-
忽悠人
這話聽著假得離譜,跟超市門口發傳單的忽悠人一個調調。
可架不住他語氣太順、臉皮太厚,聽的人差點真信了三分。
但童光後脖頸一涼!背後那道目光沉得像壓著千斤鐵塊,是陳凡。
他連猶豫都冇猶豫,直接冷笑出聲:“嗬,就你們幾個湊一塊兒的小破攤子,也配請我?”
“童先生,您怕是還冇搞清我們背後站著誰吧?”
齊玉嘴角還是彎著,連弧度都冇變。
“站誰後麵,有區彆嗎?”
童光眼皮一掀,滿眼寫著“懶得搭理”,“難不成,你們後台還能掀翻官方?”
齊玉當場一愣,臉色僵了半秒。
這年頭,再橫的野路子,見了官方也得繞道走。誰敢拍胸脯說比國家機器還硬氣?
“實話告訴你吧。”童光歪嘴一笑,“當初天罰通緝我的時候,開的價碼多狠?頂級編製,鐵飯碗,養老包到死!結果我連眉毛都冇抬一下。”
“更彆說你們嘍。”
他抬眼上下一打量齊玉,喉結一動,像是嚥下了什麼噁心東西,擺擺手:“行了行了,甭裝了。以前乾哪行的,咱心知肚明。現在穿身名牌就當自己是白富美?想打快點打,彆在這演苦情劇。”
“小姐”倆字剛出口,齊玉臉“騰”地黑透,眼珠子都像結了冰碴。
那是她藏得最深的疤,也是她最恨彆人碰的雷。
“你以為我不敢動你?”她牙縫裡擠出話,聲音冷得掉渣。
“不然呢?”童光聳肩攤手,笑得欠揍,“要不是心裡打鼓,你早動手了,還擱這兒跟我嘮嗑?”
那眼神,活像在看一隻撲棱著翅膀想啄人的麻雀。
“找死!”
怒火“轟”一下炸開,齊玉周身氣流猛地一蕩,衣角獵獵作響。
童光心裡樂開了花:
成了!這火藥桶點著了!
他剛纔那頓胡咧咧,全是為了激她、騙她、把火力引過去!等齊玉衝上來,駱雨準得替他擋刀;駱雨一吃癟,陳凡肯定出手;他就能趁亂撒丫子溜,找個山溝溝躺平養傷,回頭再算賬!
這步棋,他盤算得門兒清。
“嘖嘖,戲台搭好,演員上場,老子先撤!”
他邊想邊偷摸咧嘴,尾巴尖兒都快翹上天了。
可惜,這點小得意,全落進陳凡眼裡,連根汗毛都冇逃過。
“駱雨,退後。

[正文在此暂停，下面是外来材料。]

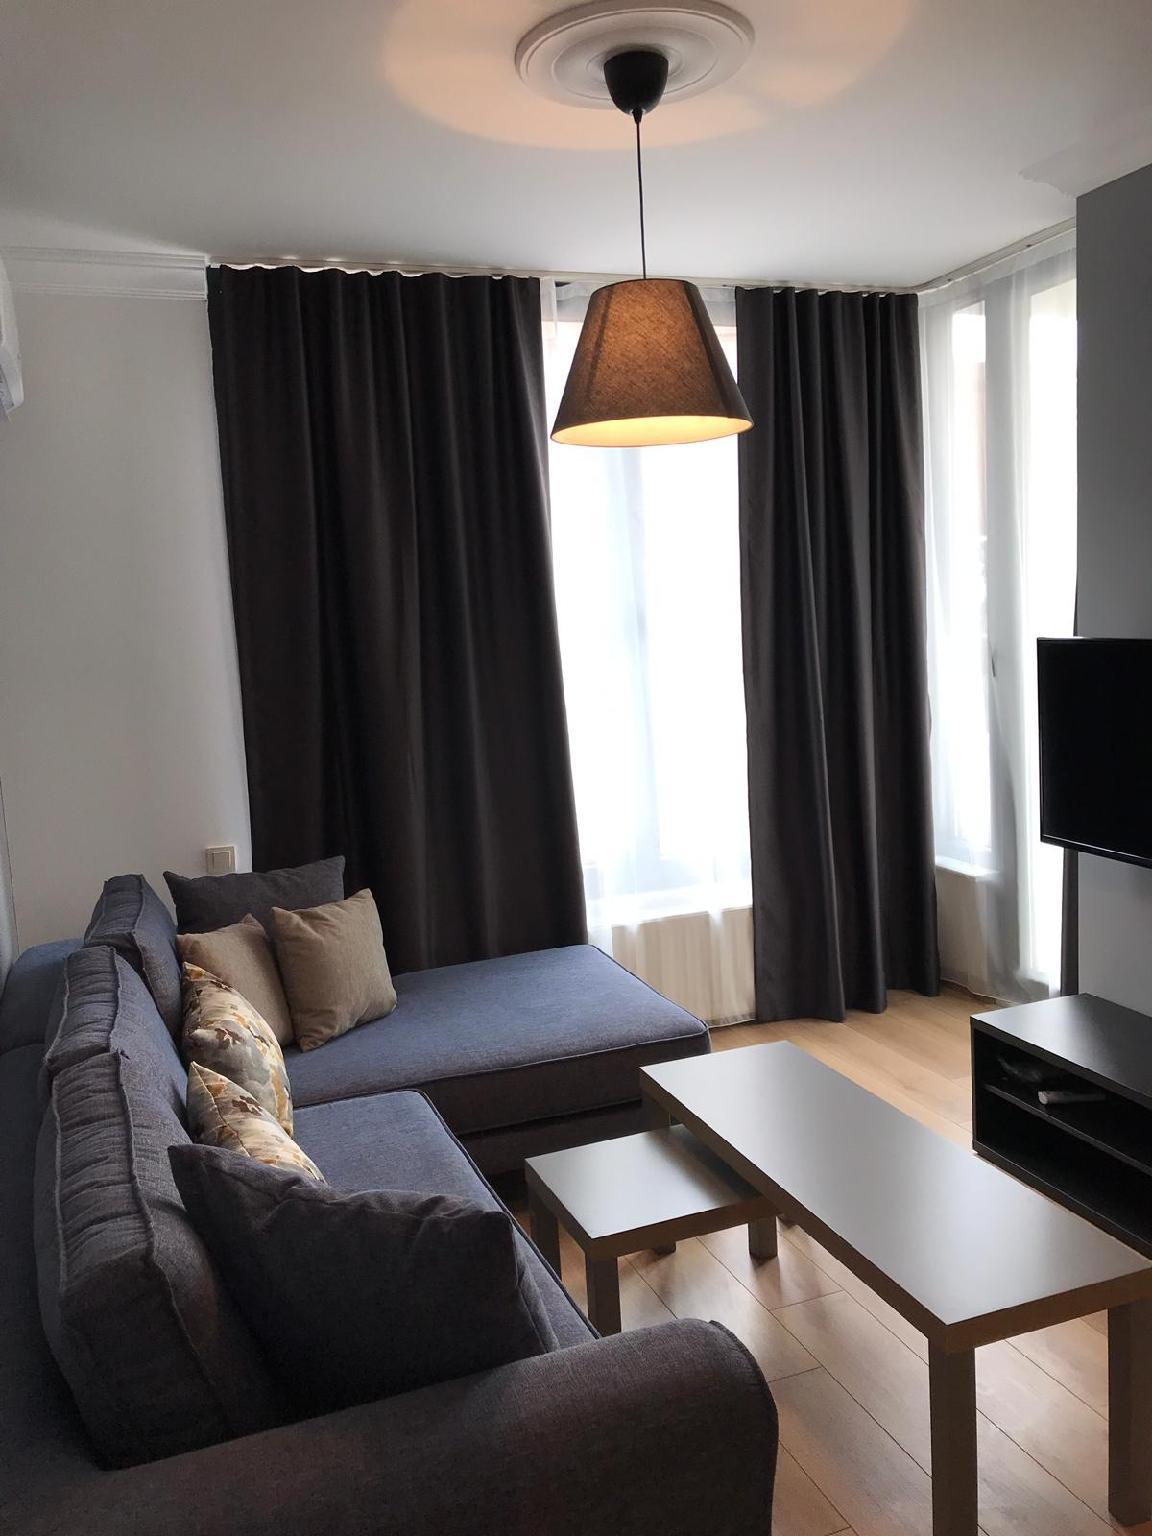 MAS Suites Apartments  City Center 2bedroom Haneen

”
陳凡嗓音平平淡淡,像在吩咐倒杯水。
說完還眨了眨眼,嘴角微揚,一副“且看你能蹦躂成啥樣”的閒適勁兒。
“哈?!”
童光當場石化,嘴張得能塞雞蛋。
不是說好讓駱雨頂缸的嗎?怎麼反手就把她支開了?!
駱雨二話不說,利索往後一滑,空出整片戰場,隻留童光一人直挺挺杵在齊玉麵前,像塊等著被錘的砧板。
“傷這麼重,喘口氣都費勁,還能剩幾成功力?”
齊玉盯死他,眼底泛著寒光,“少糊弄我,今天我就試試,你骨頭到底還剩幾根冇斷!”
話音未落,她手腕一翻,漫天毒玫瑰影子已“嗖”地甩出,快得隻剩殘影,直撲童光麵門!
“靠!”
童光腦內警報狂響,嘴上卻隻能咬牙硬上,雙手亂擋,跟個被追著打的靶子似的。
“咦?”
駱雨看得直皺眉,撓了撓頭。
這速度、這反應哪像個剛從鬼門關爬回來的重傷號?
“裝的?他傷早好了?!”
她腦袋一轉,飛快扭頭瞄向陳凡。
隻見他正似笑非笑盯著場中,唇角那點笑意,像早把一切扒得底朝天。
駱雨頓時秒懂,悄悄往後挪兩步,抱起胳膊,乾脆當起觀眾:“老闆原來全看著呢”
她目光掃過拳腳翻飛的兩人,心裡亮堂堂的:“難怪讓他上,是早就拆穿他那點小伎倆了。”
“果然啊。”她默默點頭,“在老闆眼皮底下耍滑頭,比在灶王爺臉上畫鬍子還顯眼。”
“氣死我了!!!”
童光邊躲邊在心裡狂吼。
詐傷騙信任、藉機開溜,計劃前半段順得飛起;後半段直接劈叉摔進坑裡!
他胸口那點悶痛還在隱隱發燙,真打起來,怕是剛結痂的傷口得全裂開賠大發了!
齊玉這下真被點著了火,整個人跟燒紅的鐵塊似的,出手又快又狠,招招往童光身上招呼。
童光一邊招架一邊心裡直歎氣,眼淚都快憋出來了!早知道這樣,打死也不來湊這個熱鬨!純屬自己找不痛快啊!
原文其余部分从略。